Kini sudah tak lagi menjadi pengurus Yayasan Bina Prestasi Nasional.
"Sekarang mah keluar dari pengurus yayasan jadi kepala sekolah saja," kata Yoris.
Bahkan, setelah pembunuhan Tuti dan Amalia, Yosef mendadak meminta Yoris mencairkan dana.
Yoris yang masih dalam kondisi berduka ditinggal ibu dan adiknya, langsung naik darah pada Yosef.
"Ribut sama pak Yosef. Belum ge mamah udah bahas uang."
Makanya sama Yoris gak mau ikut campur urusan uang. Ada pencairan oleh orang pak Yosef. Ada Rp 200 juta, Yoris gak ikutan,"kata Leni Anggraeni.
Yoris tak terima ketika suasana masih bersedih, Yosef justru sibuk mengurus uang.
"Udah ngomongin duit. 'Yoris coba cairkan itu uang'. Ini kan lagi sedih," beber Leni Anggraeni.
Curhat Yosef ke Danu
Tersangka Yosep sempat mencurahkan hatinya atau curhat mengenai kondisi rumah tangganya kepada M Ramdanu alias Danu sebelum membunuh istrinya, Tuti Suhartini dan anaknya Amalia Mustika Ratu, pada Agustus 2021 silam.

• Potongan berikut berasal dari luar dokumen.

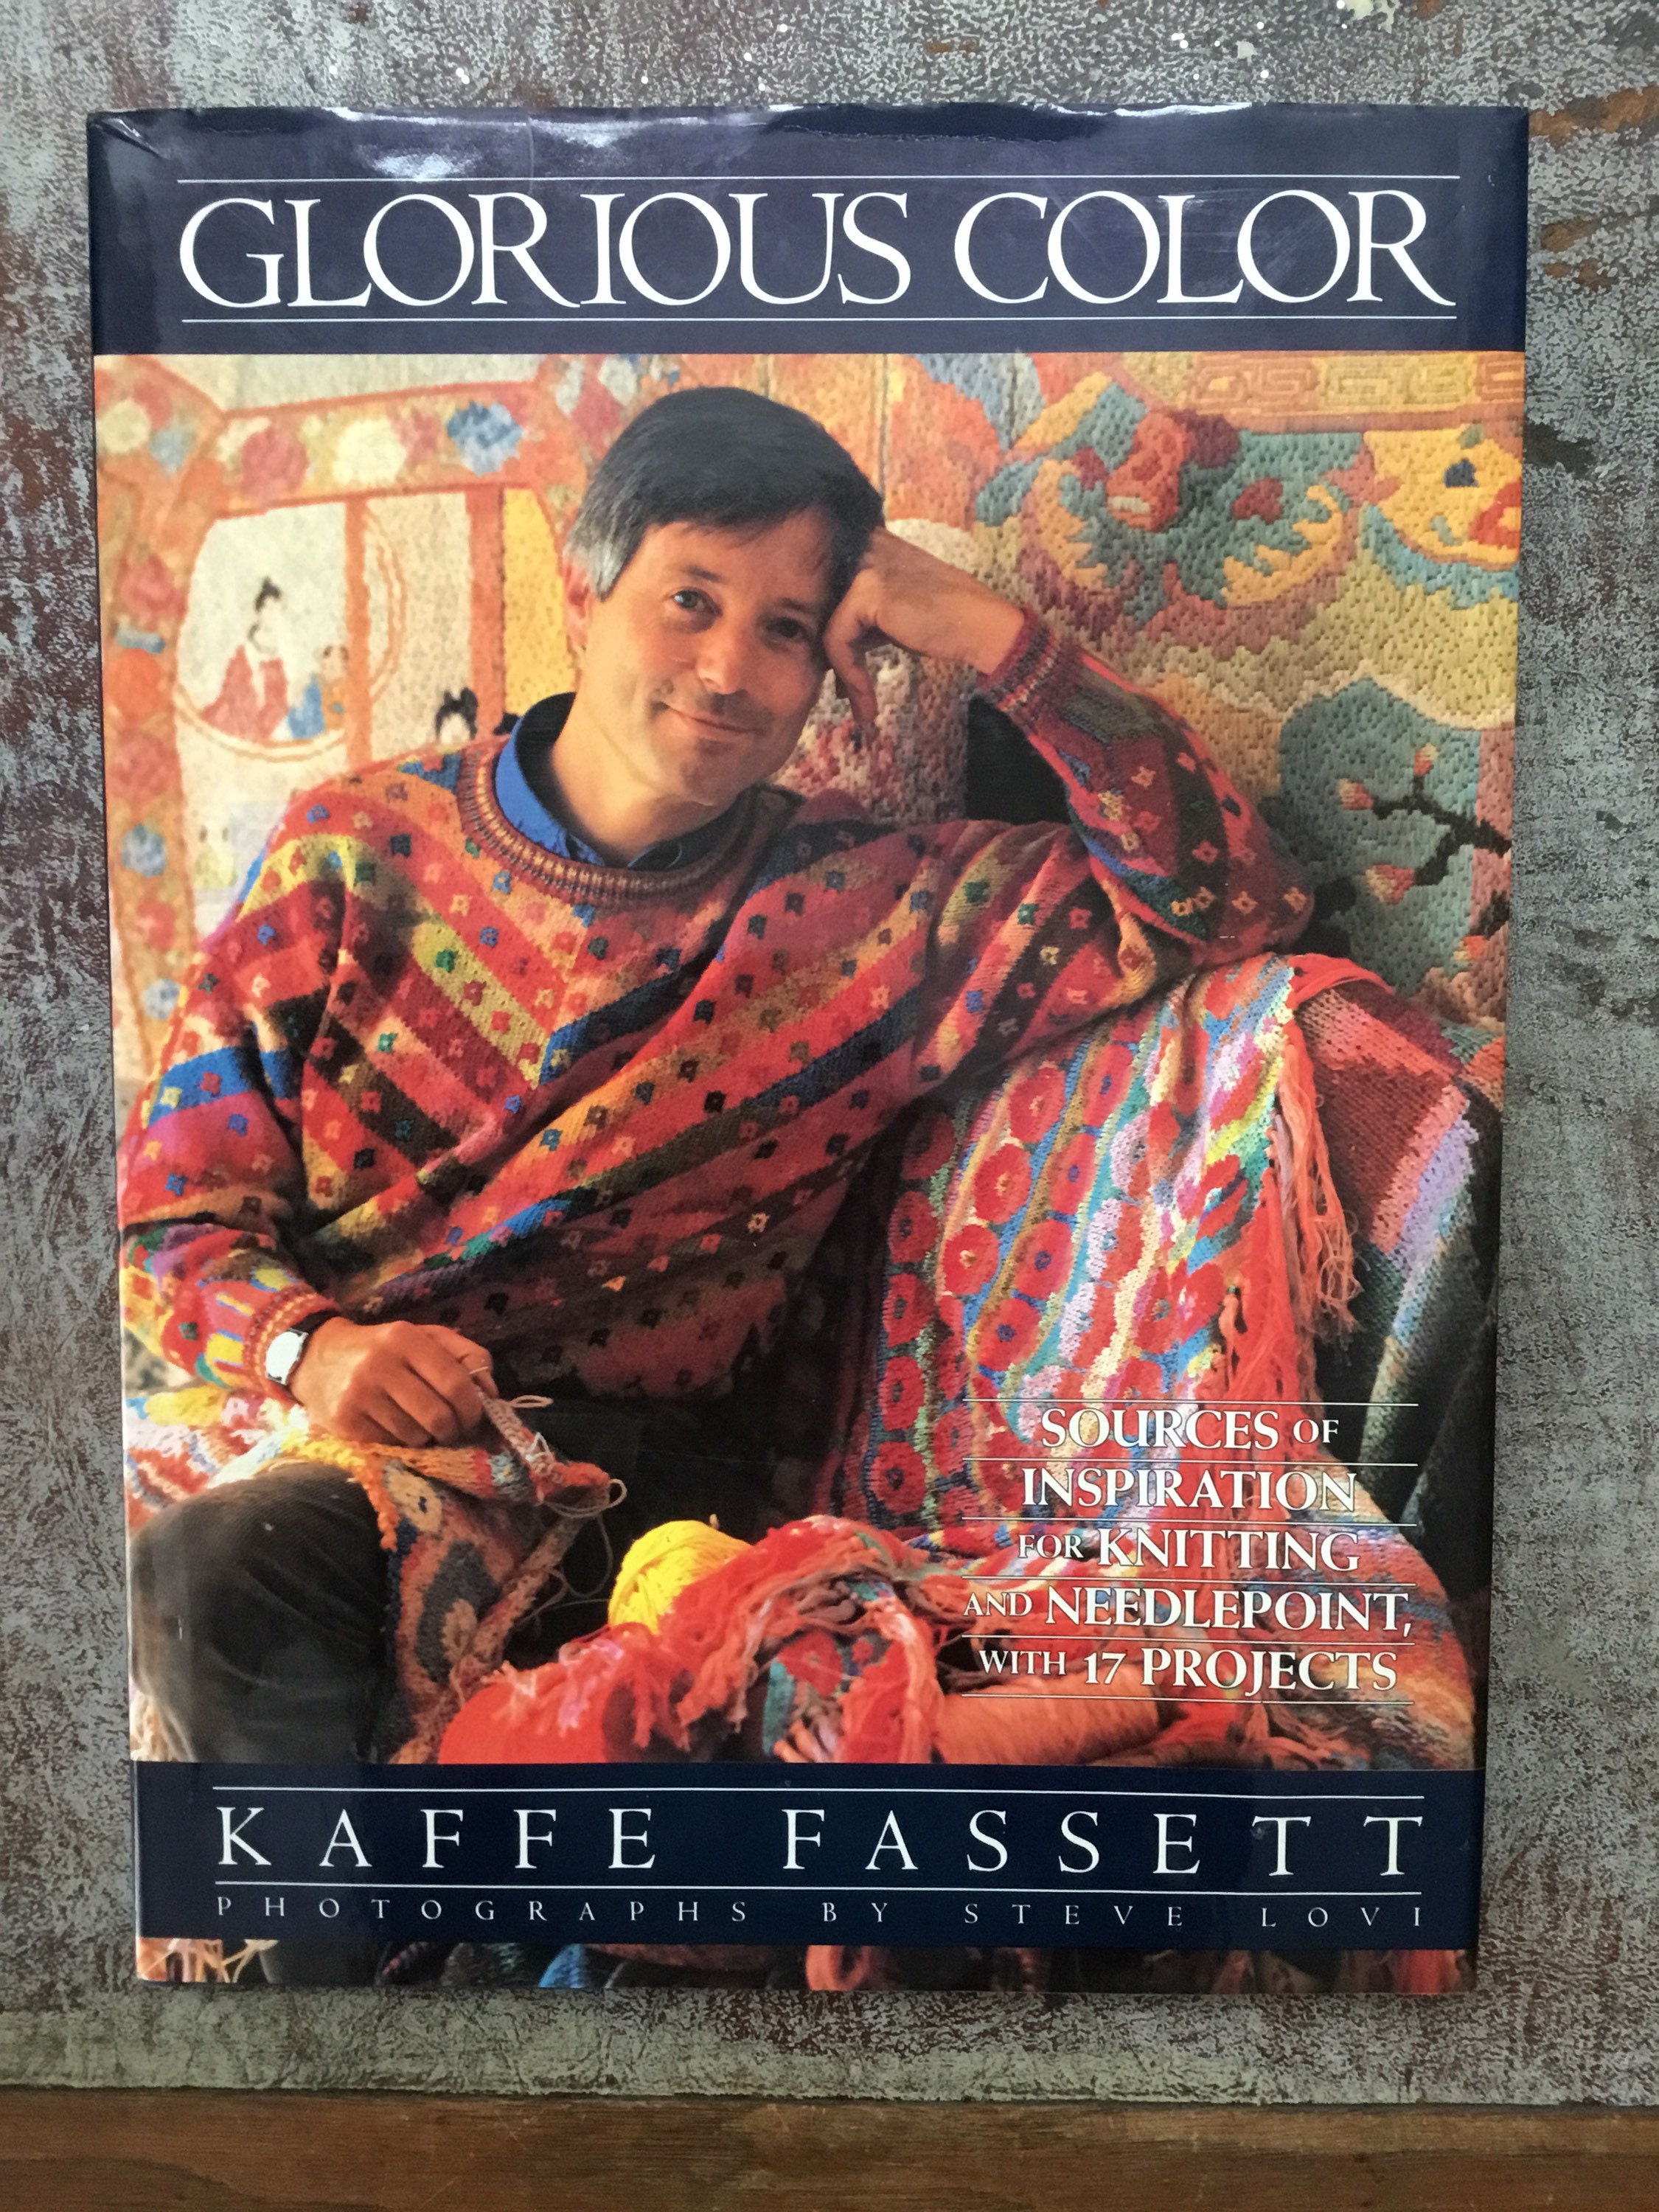 Glorious Color: Sources of Inspiration for Knitting and Needlepoint, with 17 Projects [Book]

Yosep disebut kecewa dengan perlakuan istri dan anaknya tersebut.
Curhat Yosep tersebut disampaikan kepada Danu di sebuah warung pecel lele.
Salah satu kuasa hukum Danu, Ahid Syaroni, mengatakan hal itu berdasarkan pengakuan kliennya.
Menurut Ahid, curhatan Yosep tersebut disampaikan kepada Danu sebelum menuju ke tempat kejadian perkara atau TKP yang merupakan rumah korban.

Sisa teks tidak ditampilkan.